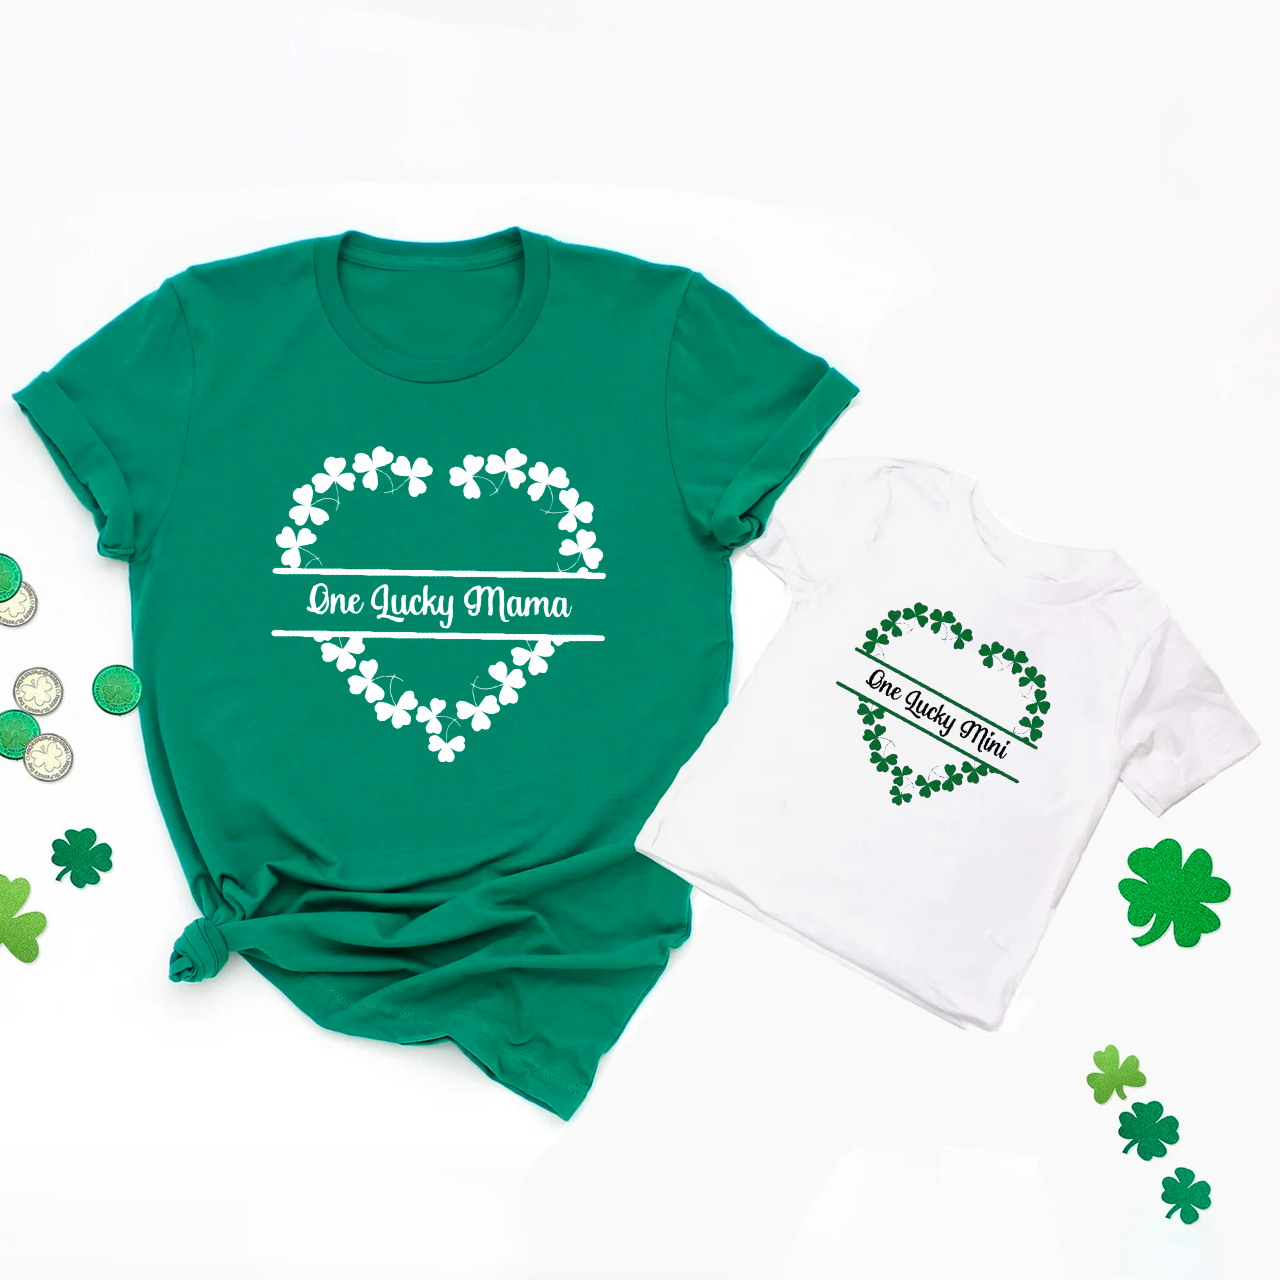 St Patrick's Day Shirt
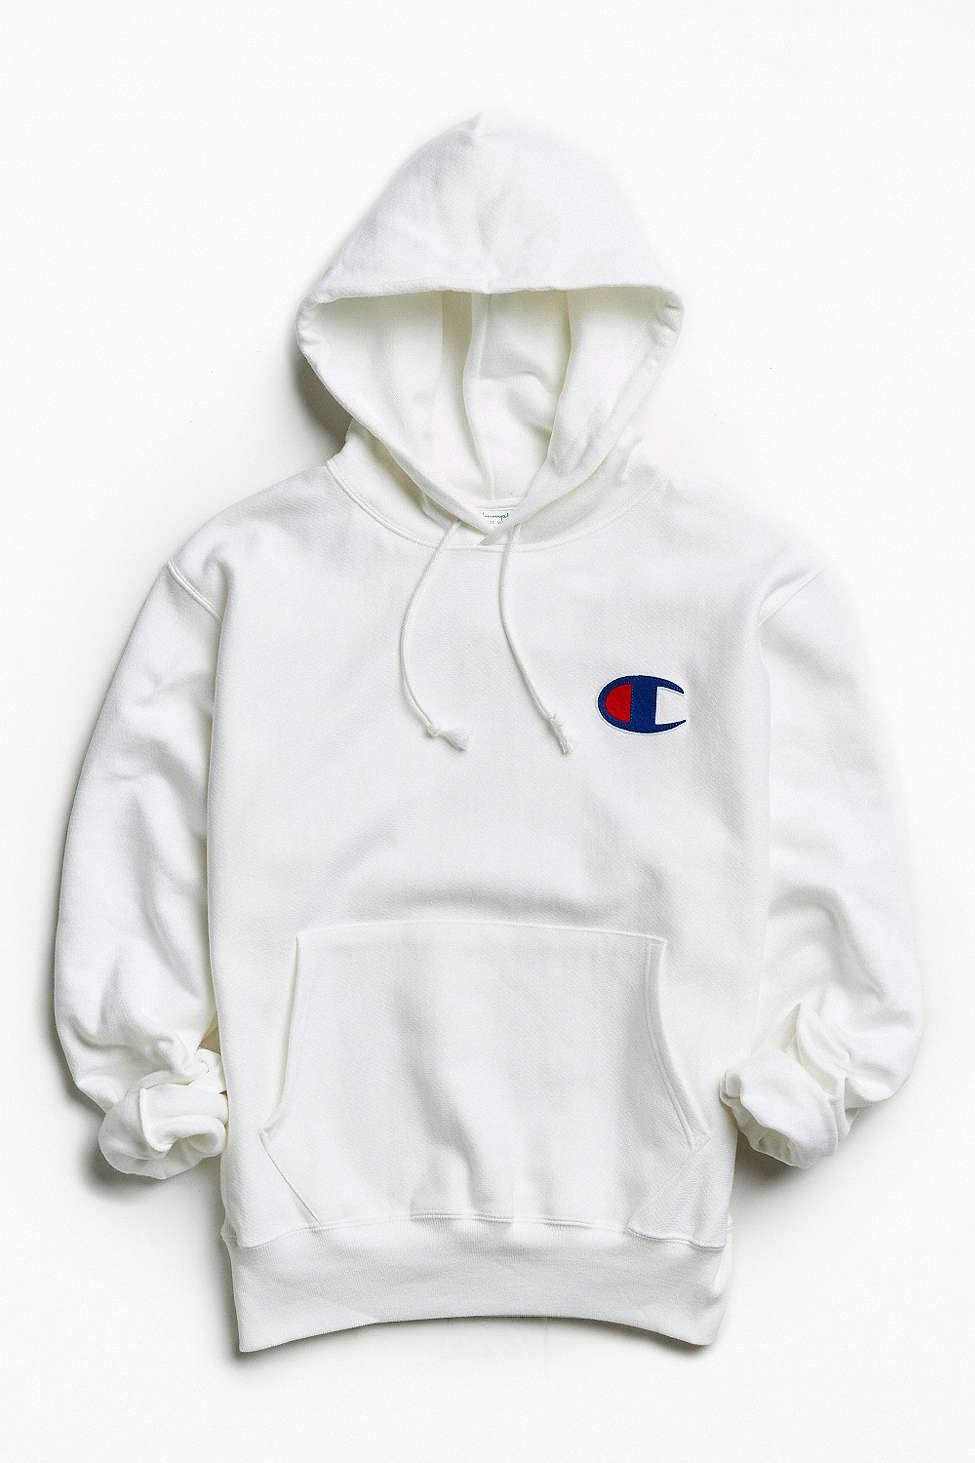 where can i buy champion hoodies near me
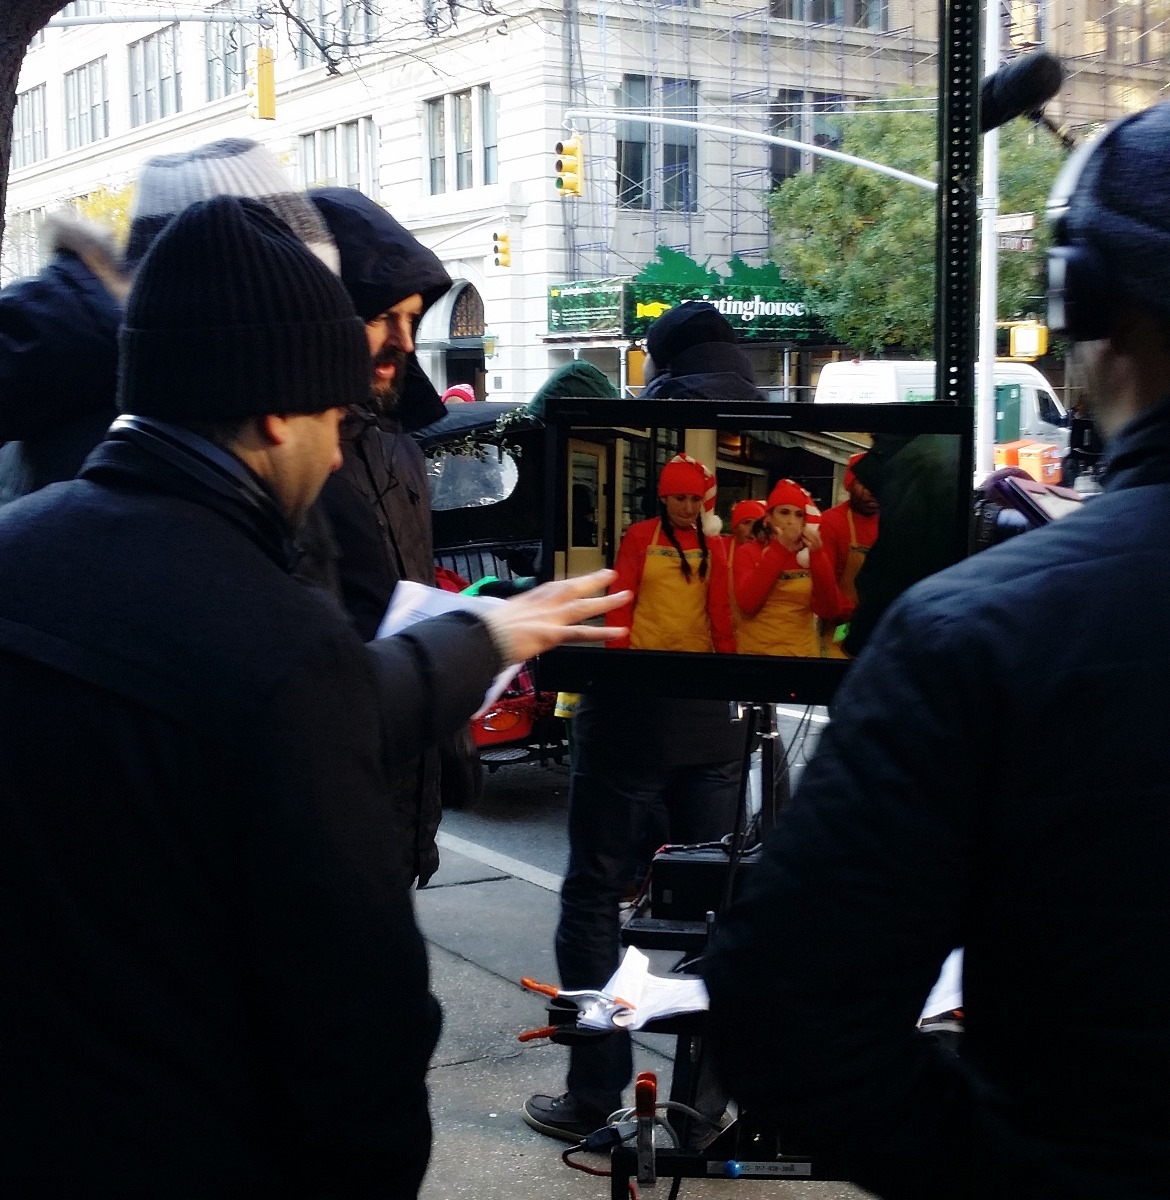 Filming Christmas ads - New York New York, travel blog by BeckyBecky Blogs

WHAT YOU HAVE TO DO:
A verbatim copy of the data, free of pictures, is the expected answer.

WRITTEN ANSWER:
 St Patrick's Day Shirt
 where can i buy champion hoodies near me
 Filming Christmas ads - New York New York, travel blog by BeckyBecky Blogs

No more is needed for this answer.